● INSTRUCTIONS FOR THE TASK: An exact copy of the data is needed, but without any of its images.

● DATA BLOCK:
╭──

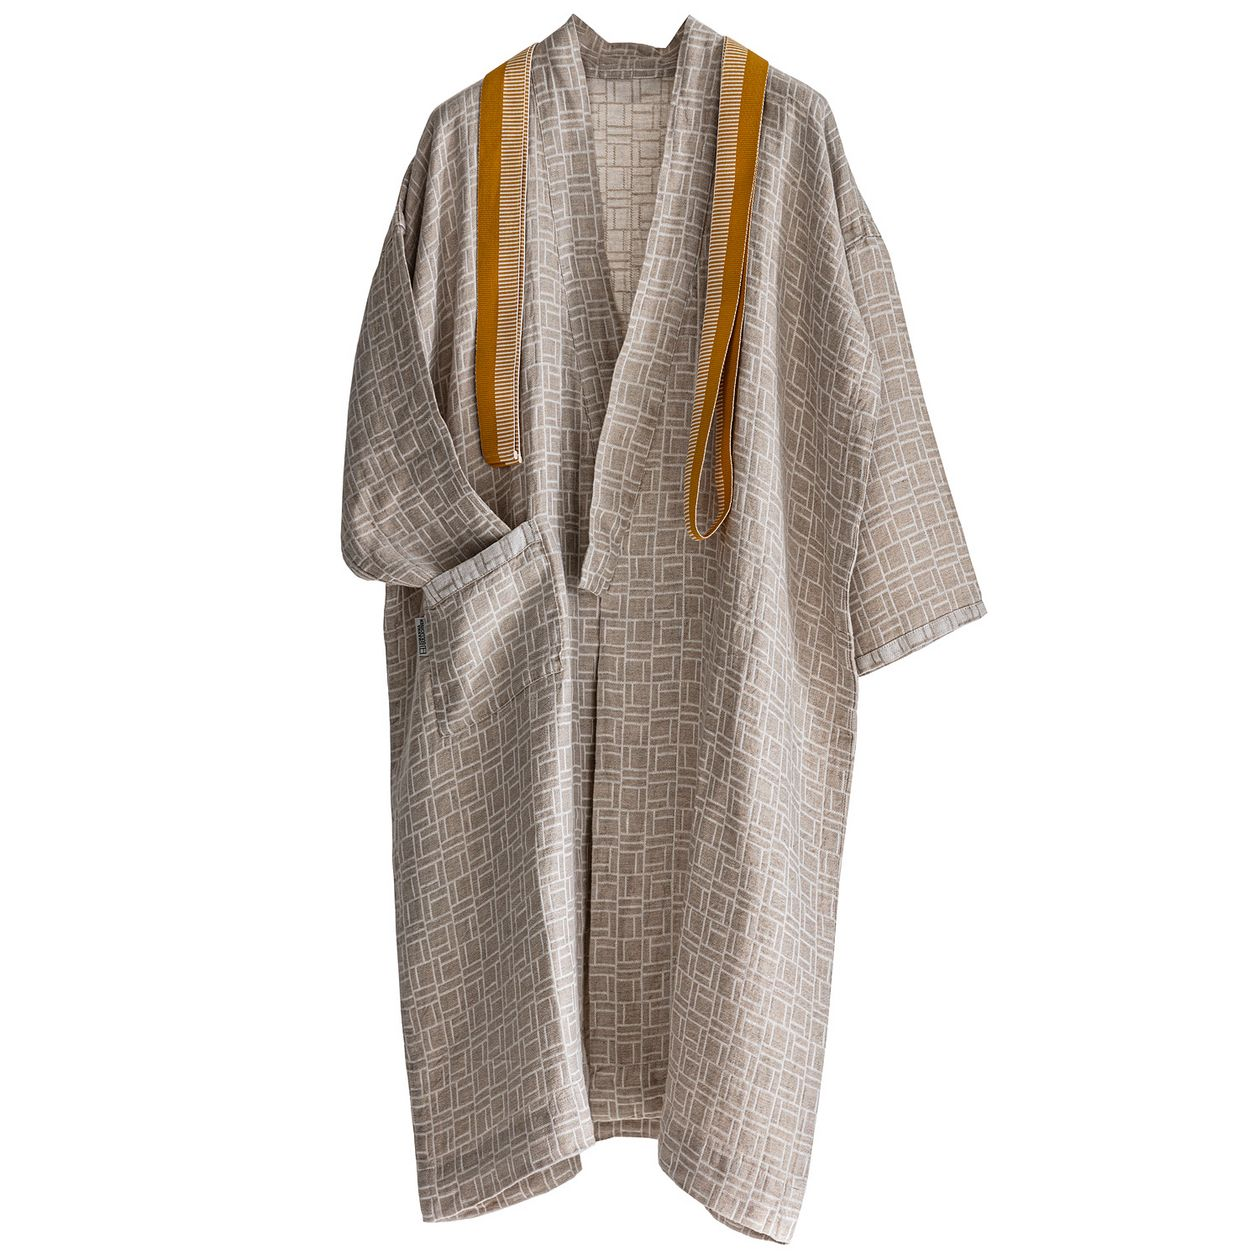 Johanna Gullichsen Pure bathrobe, medium flax
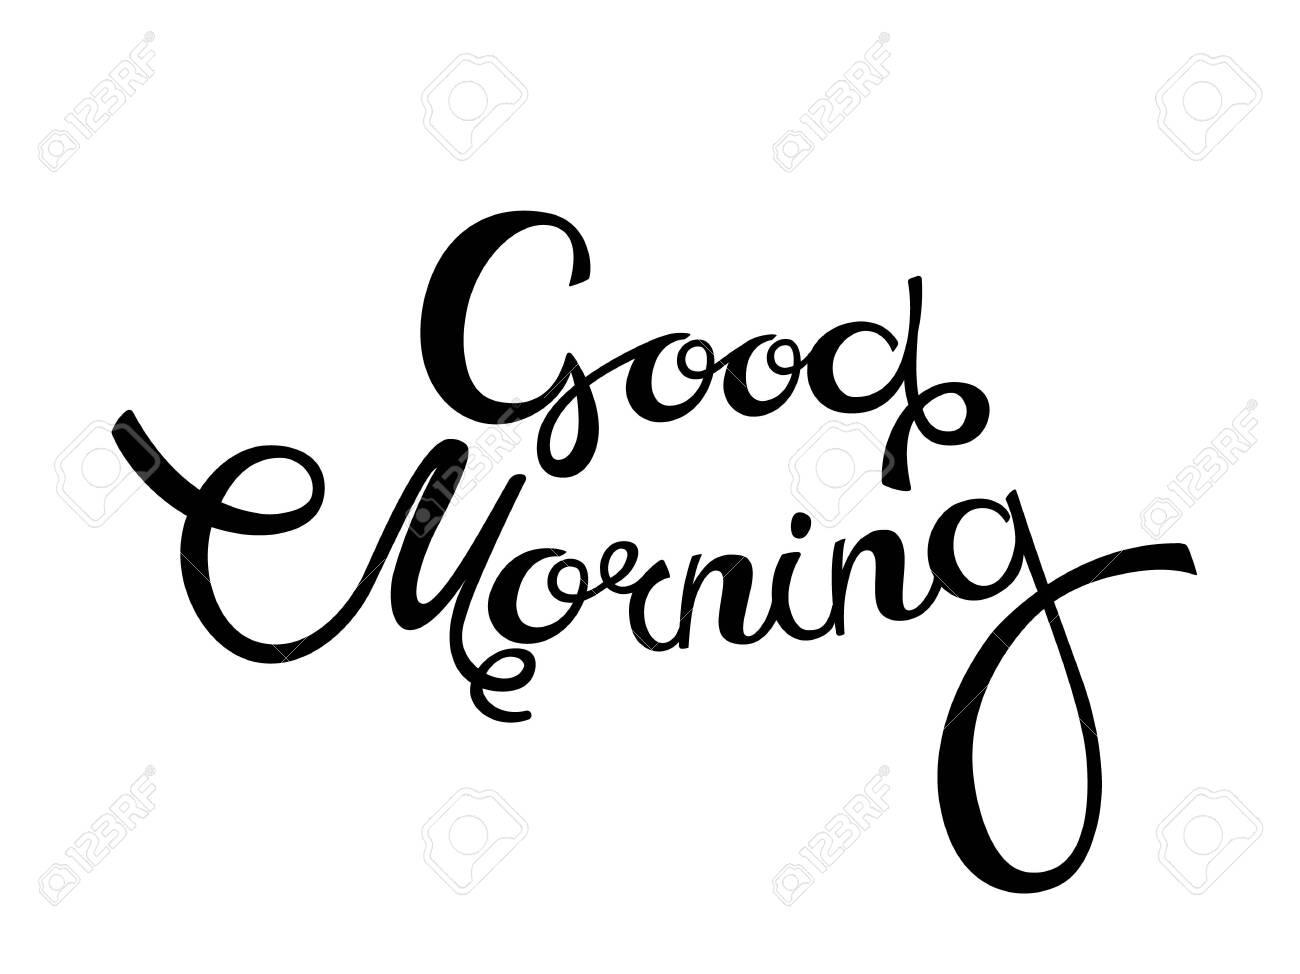 Good morning, hand lettering text, handmade calligraphy, Vector illustration - 147341197
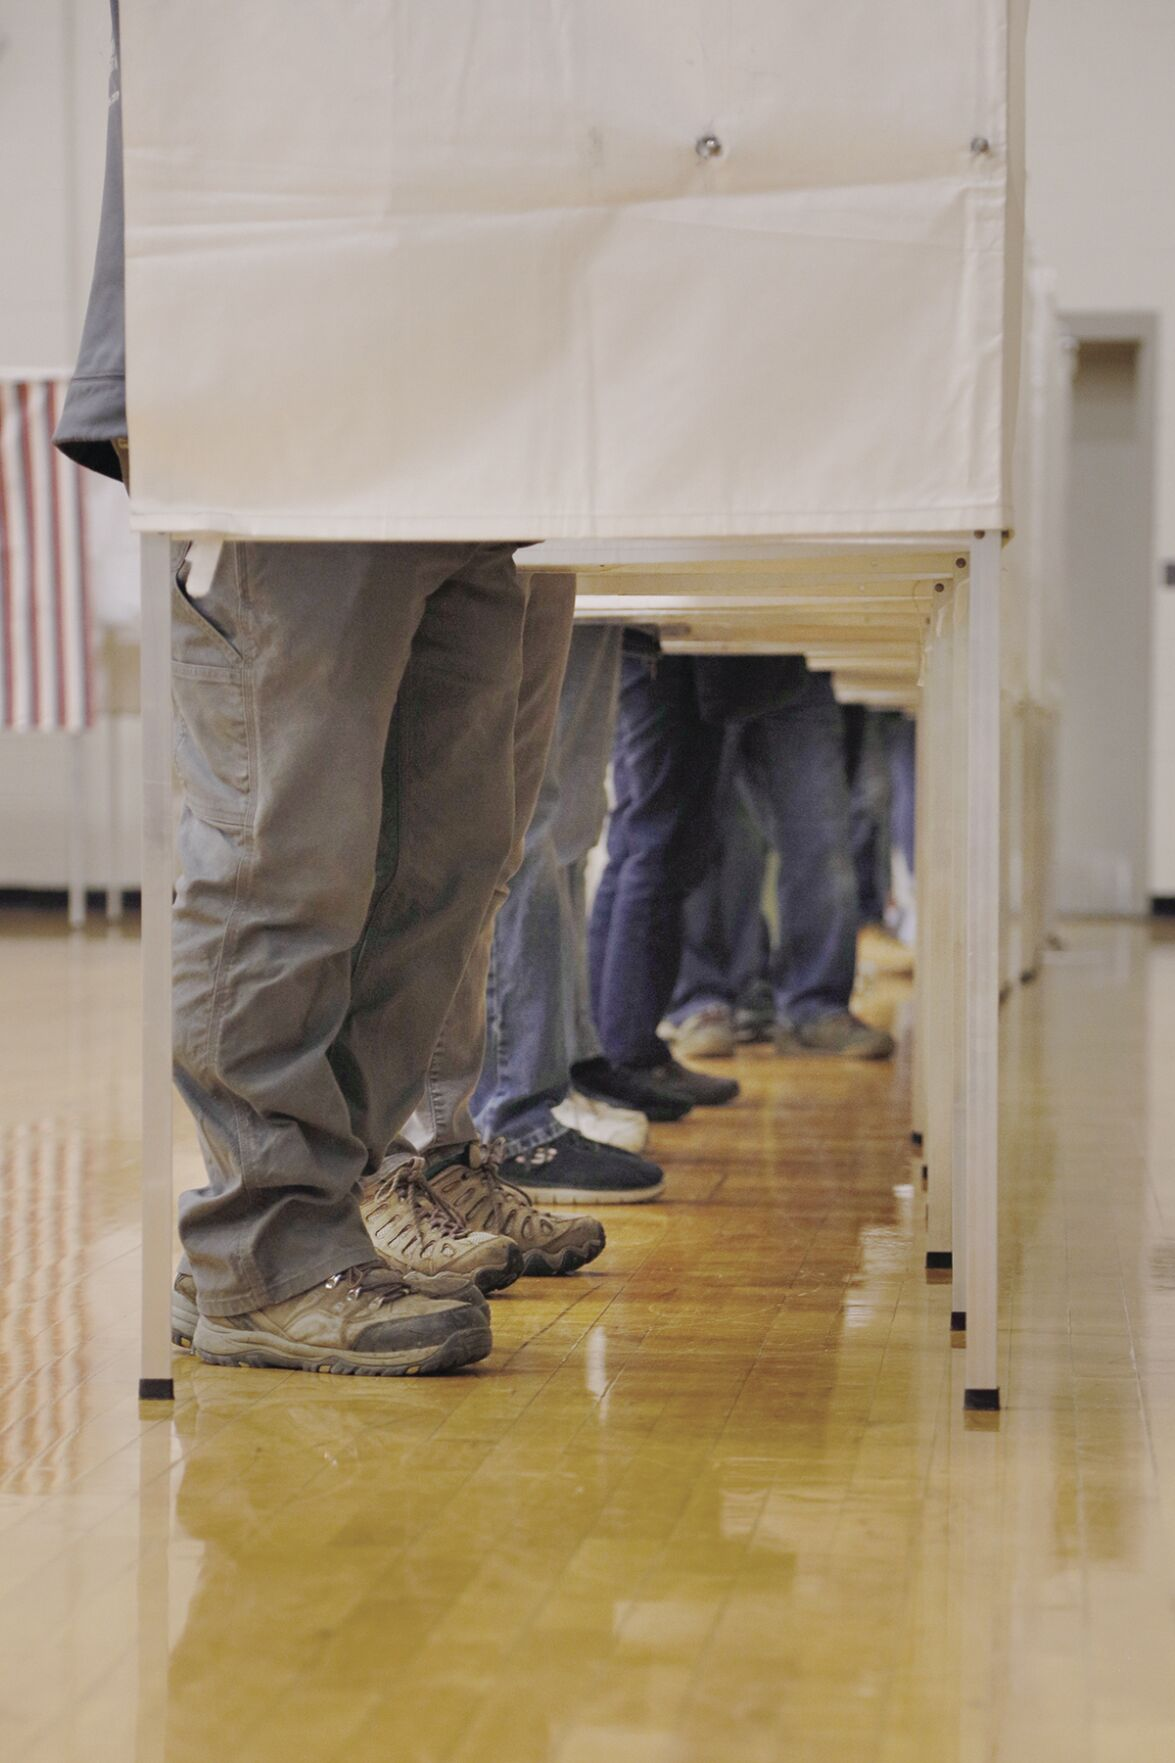 04-13-21 Voting feet
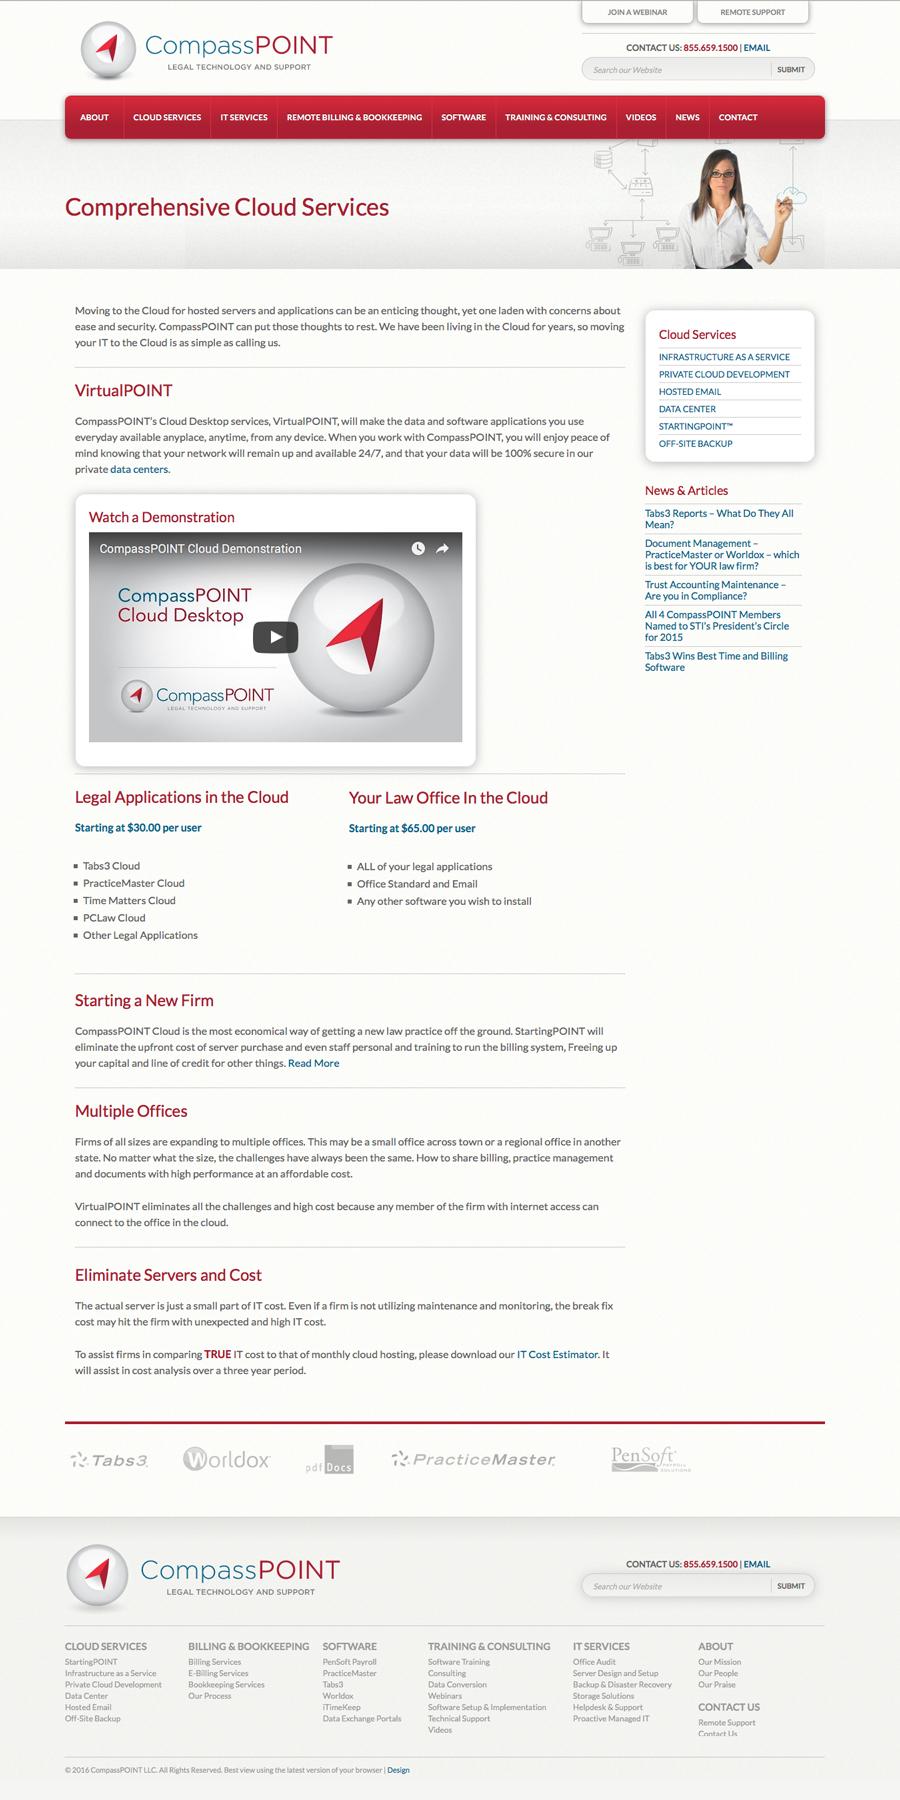 CompassPOINT Interior Page

╰──

● WRITTEN ANSWER:
 Johanna Gullichsen Pure bathrobe, medium flax
 Good morning, hand lettering text, handmade calligraphy, Vector illustration - 147341197
 04-13-21 Voting feet
 CompassPOINT Interior Page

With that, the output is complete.